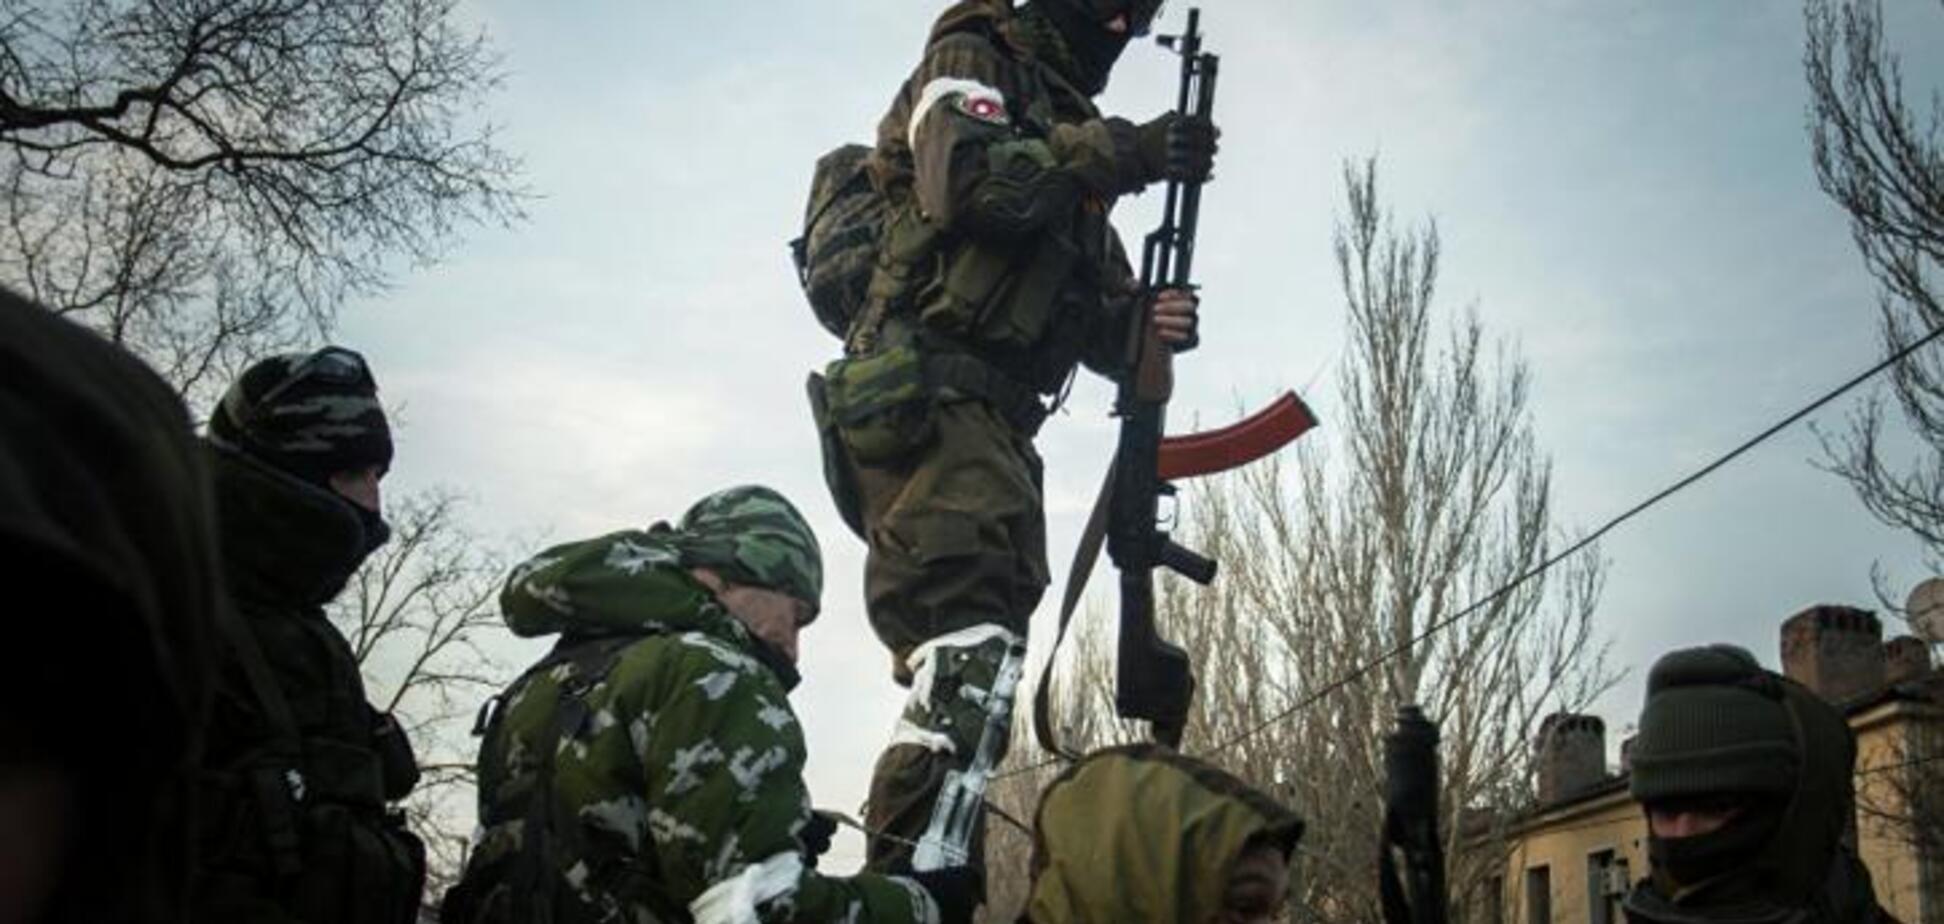 Наемники РФ перебили друг друга на Донбассе: воин рассказал о жарких выходных
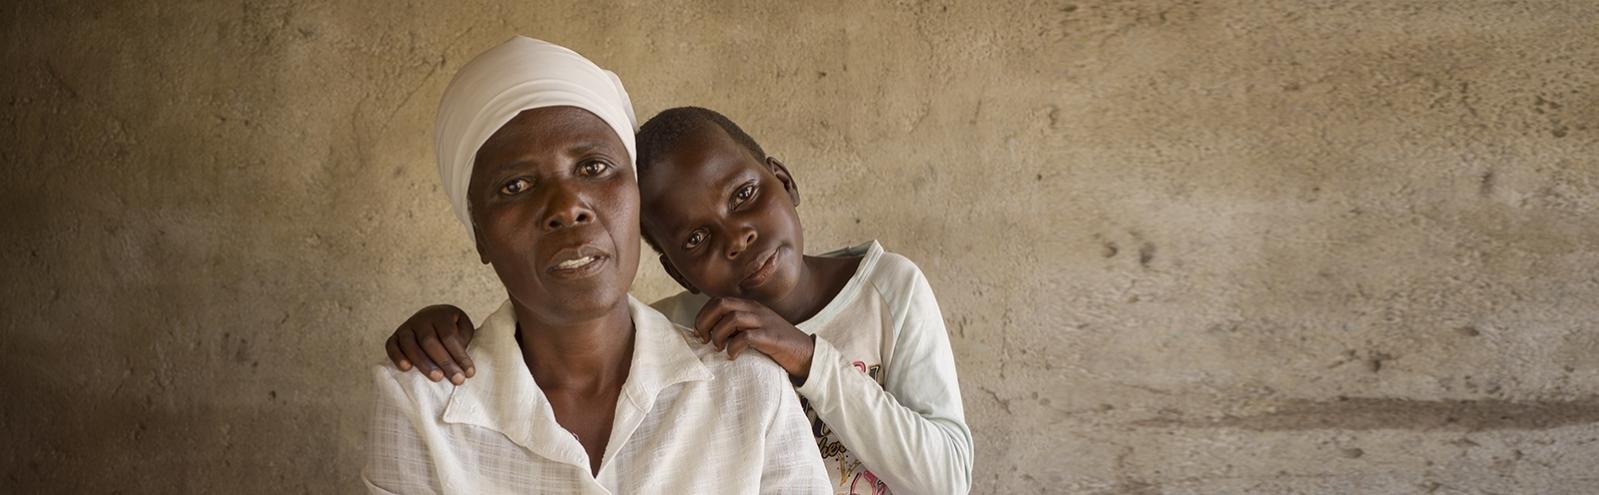 Help vrouwen en meisjes met hiv en aids
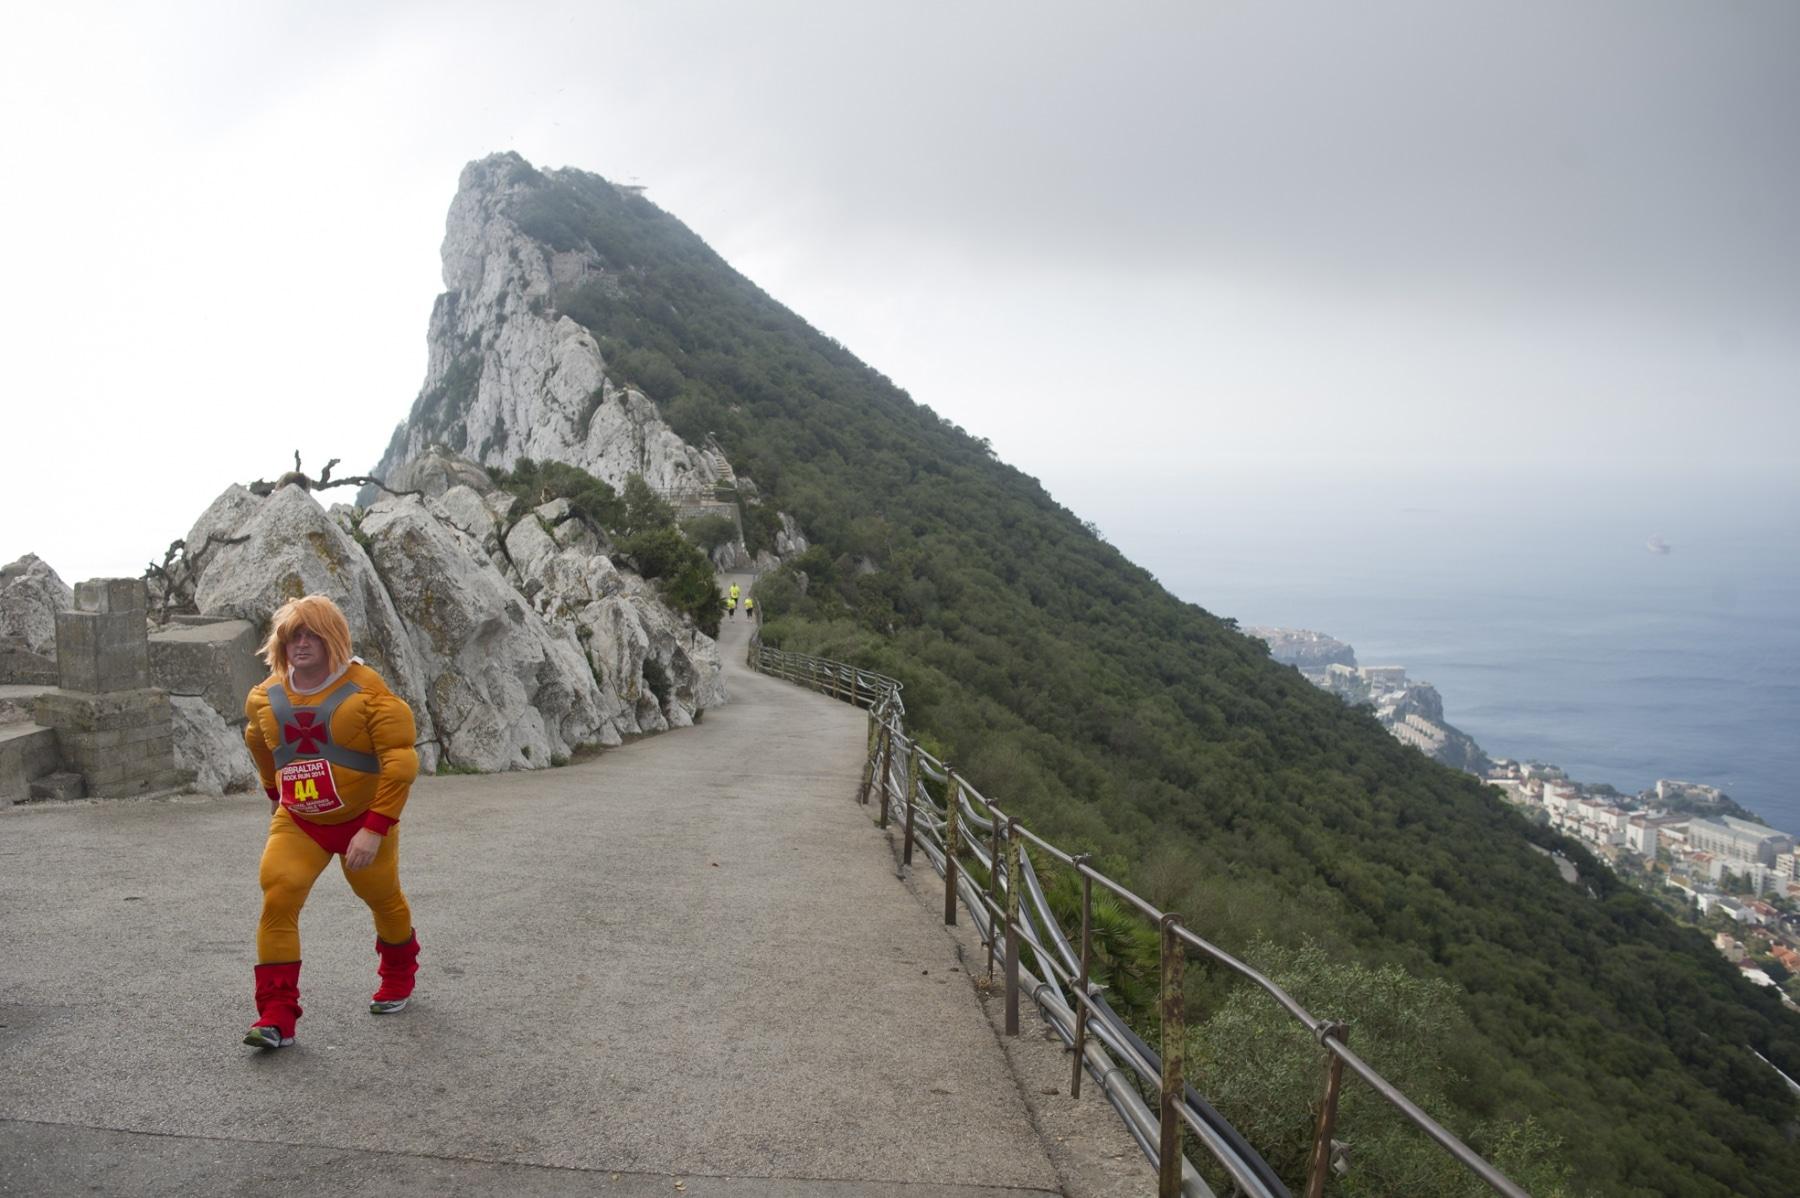 henry-cavill-en-la-carrera-del-350-aniversario-de-los-royal-marines-en-gibraltar-25-octubre-201439_15623709805_o
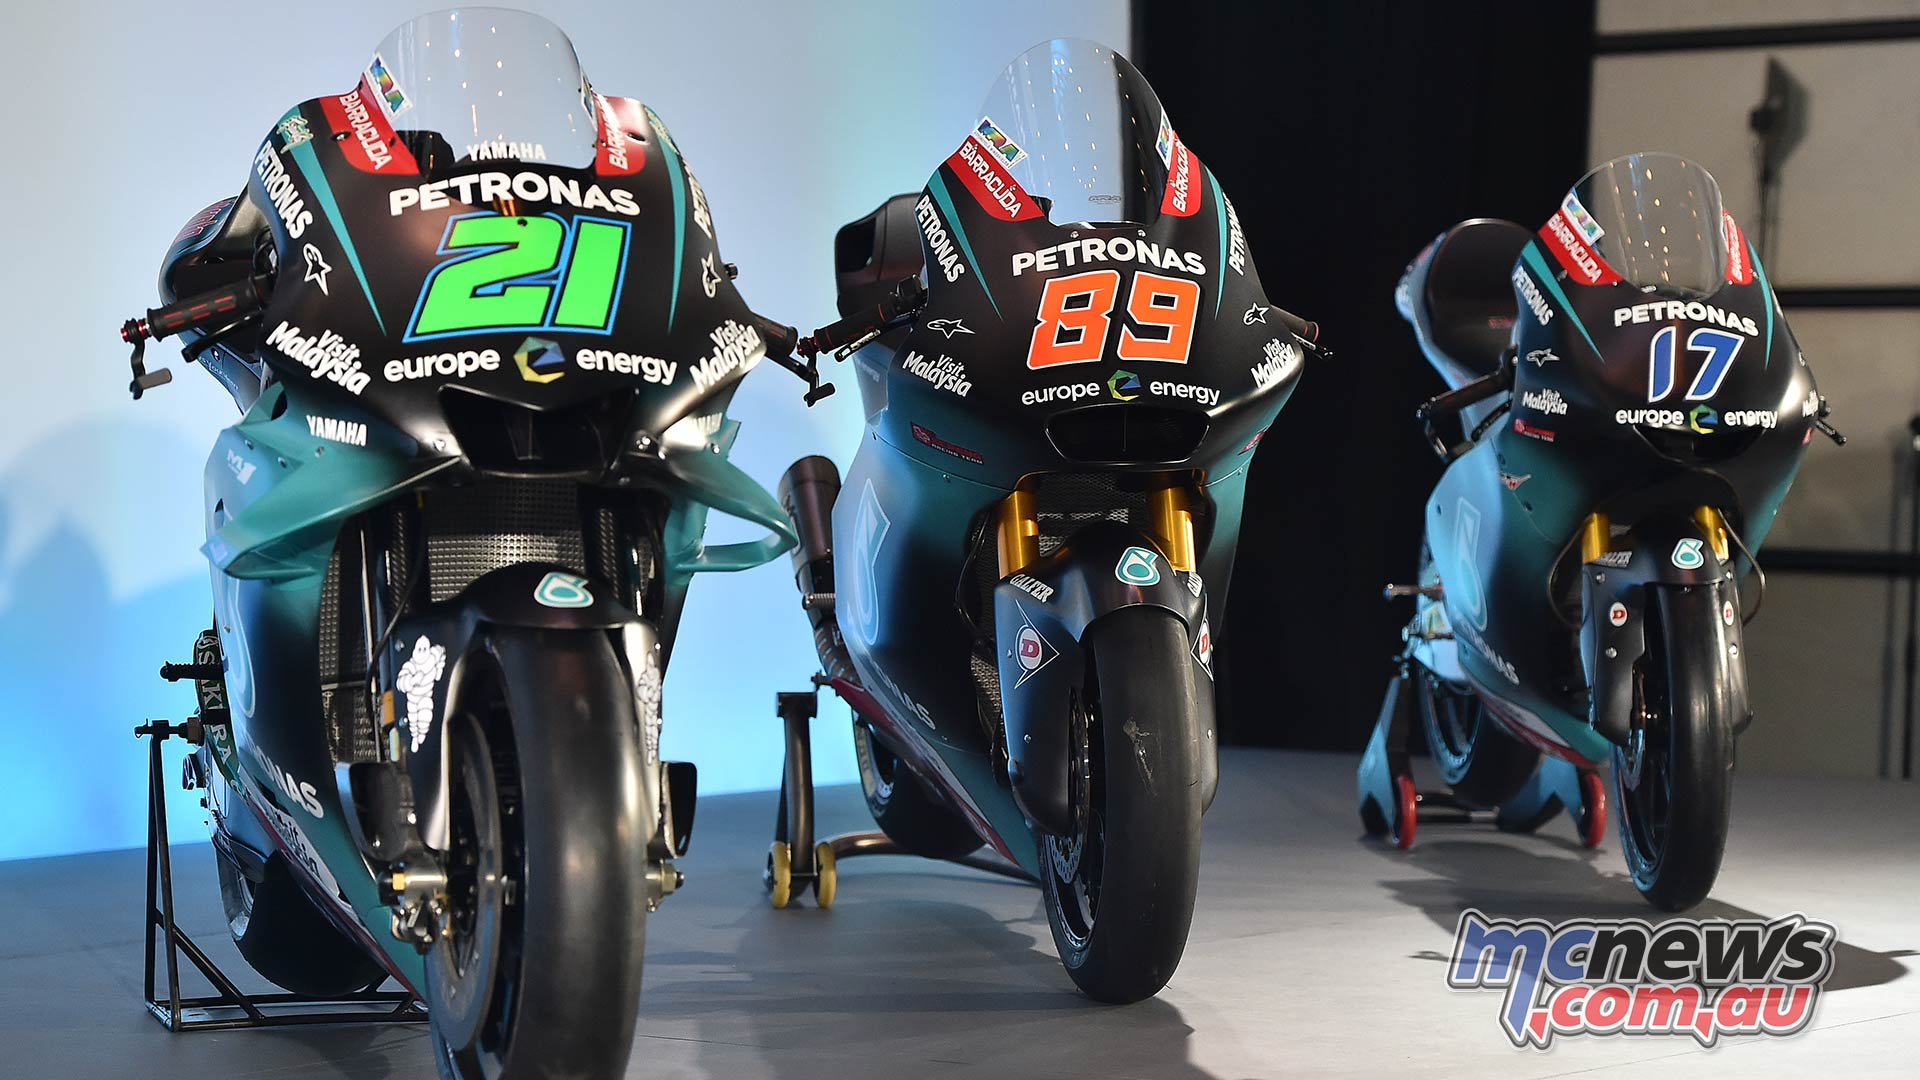 Petronas Yamaha Sepang Motogp Racing Team Launched Motorcycle News Sport And Reviews
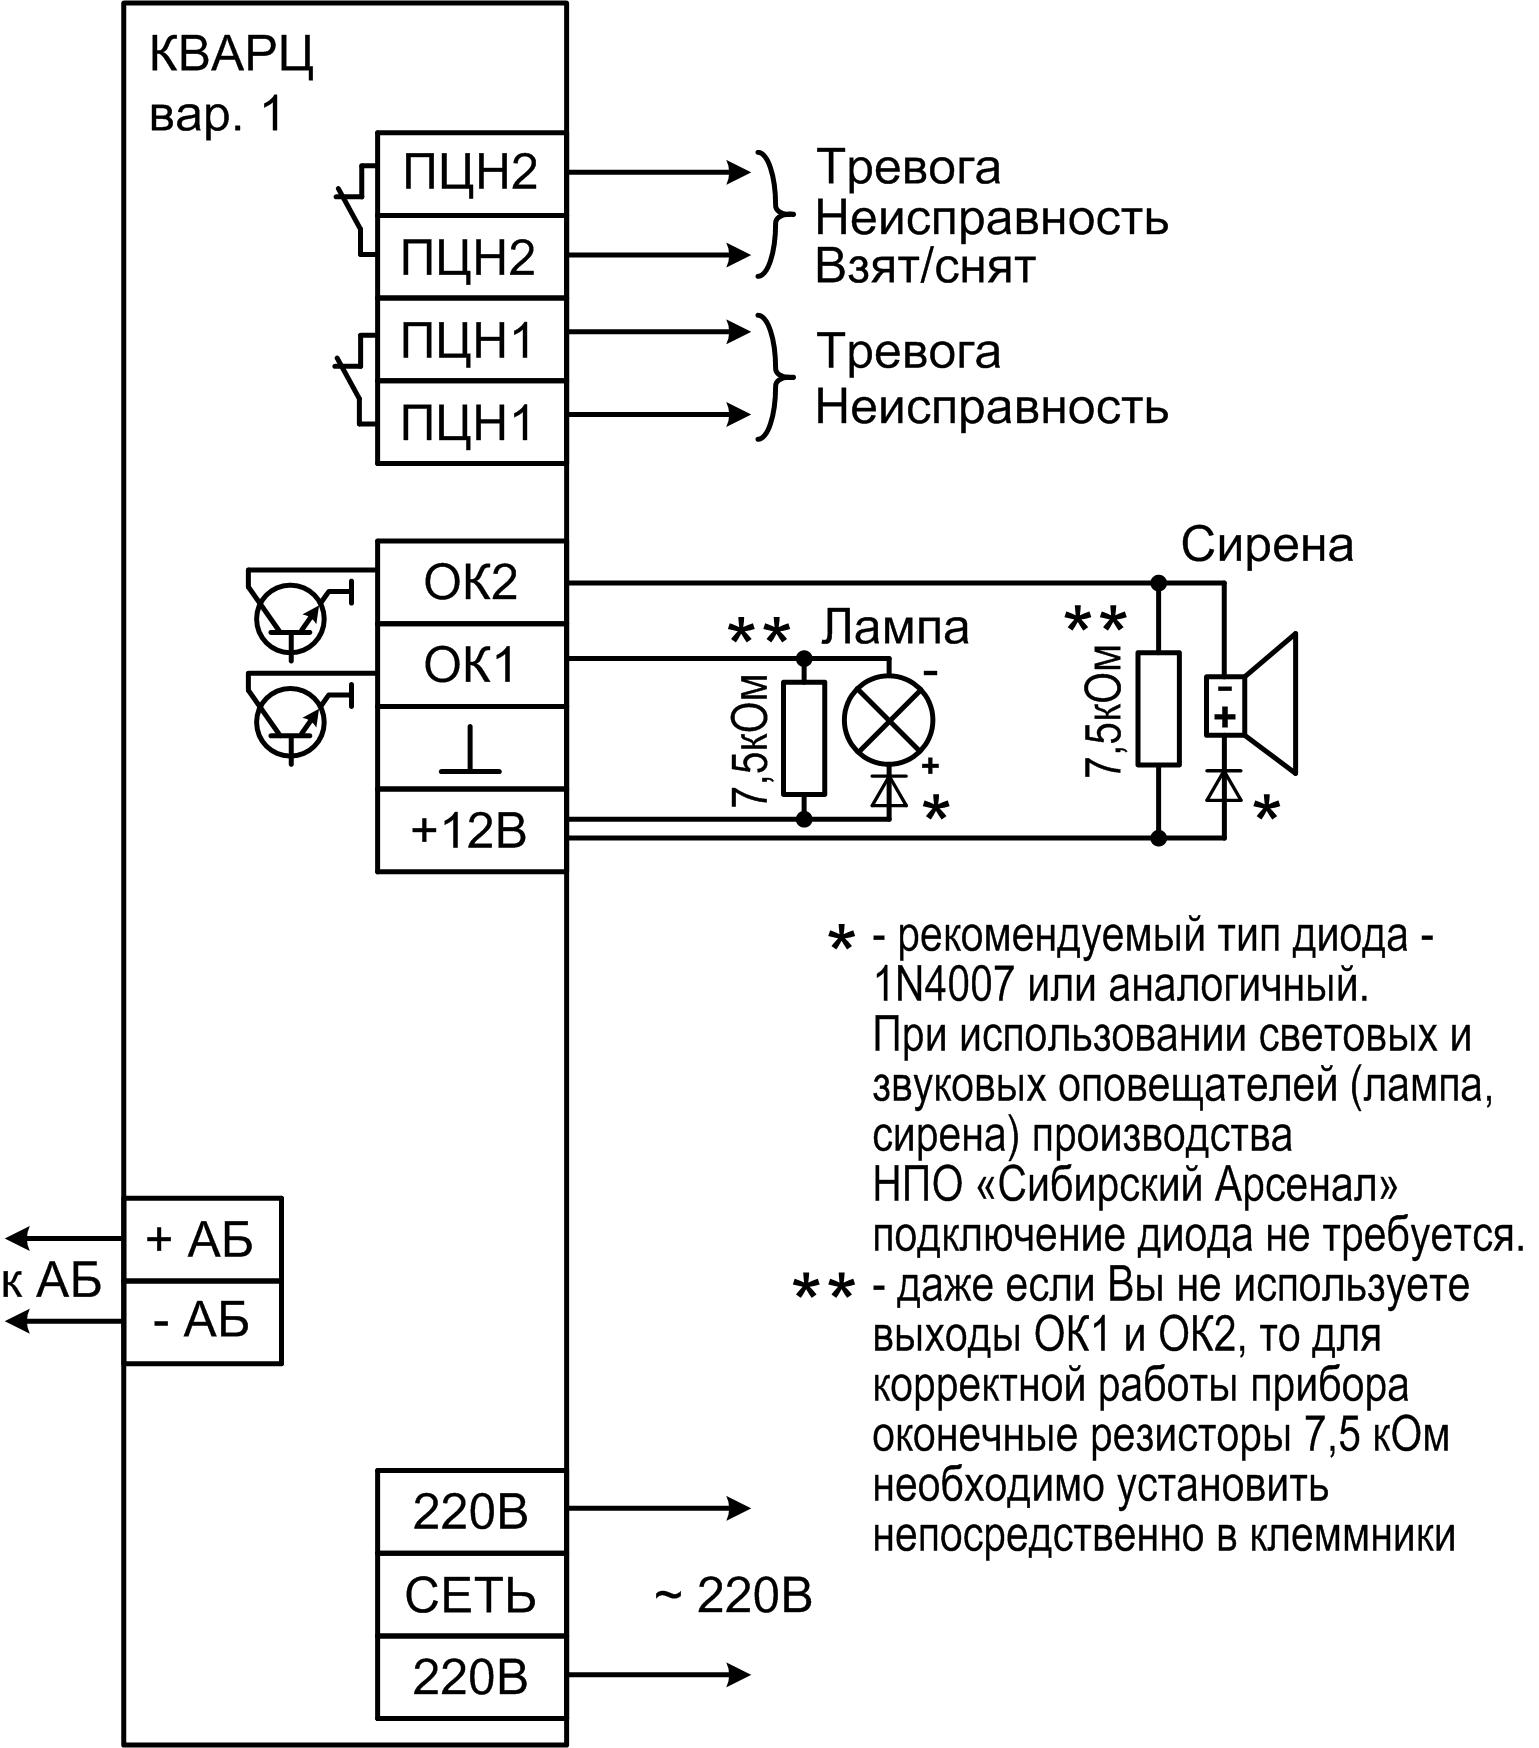 Схема пожарной сигнализации кварц фото 40

◇ ◇ ◇ ◇ ◇

What is being asked: Retype all of the data above word for word, excluding the pictures.

Answer for the task:
 Наемники РФ перебили друг друга на Донбассе: воин рассказал о жарких выходных
 Help vrouwen en meisjes met hiv en aids
 henry-cavill-en-la-carrera-del-350-aniversario-de-los-royal-marines-en-gibraltar-25-octubre-201439_15623709805_o
 Petronas Yamaha Sepang Motogp Racing Team Launched Motorcycle News Sport And Reviews
 Схема пожарной сигнализации кварц фото 40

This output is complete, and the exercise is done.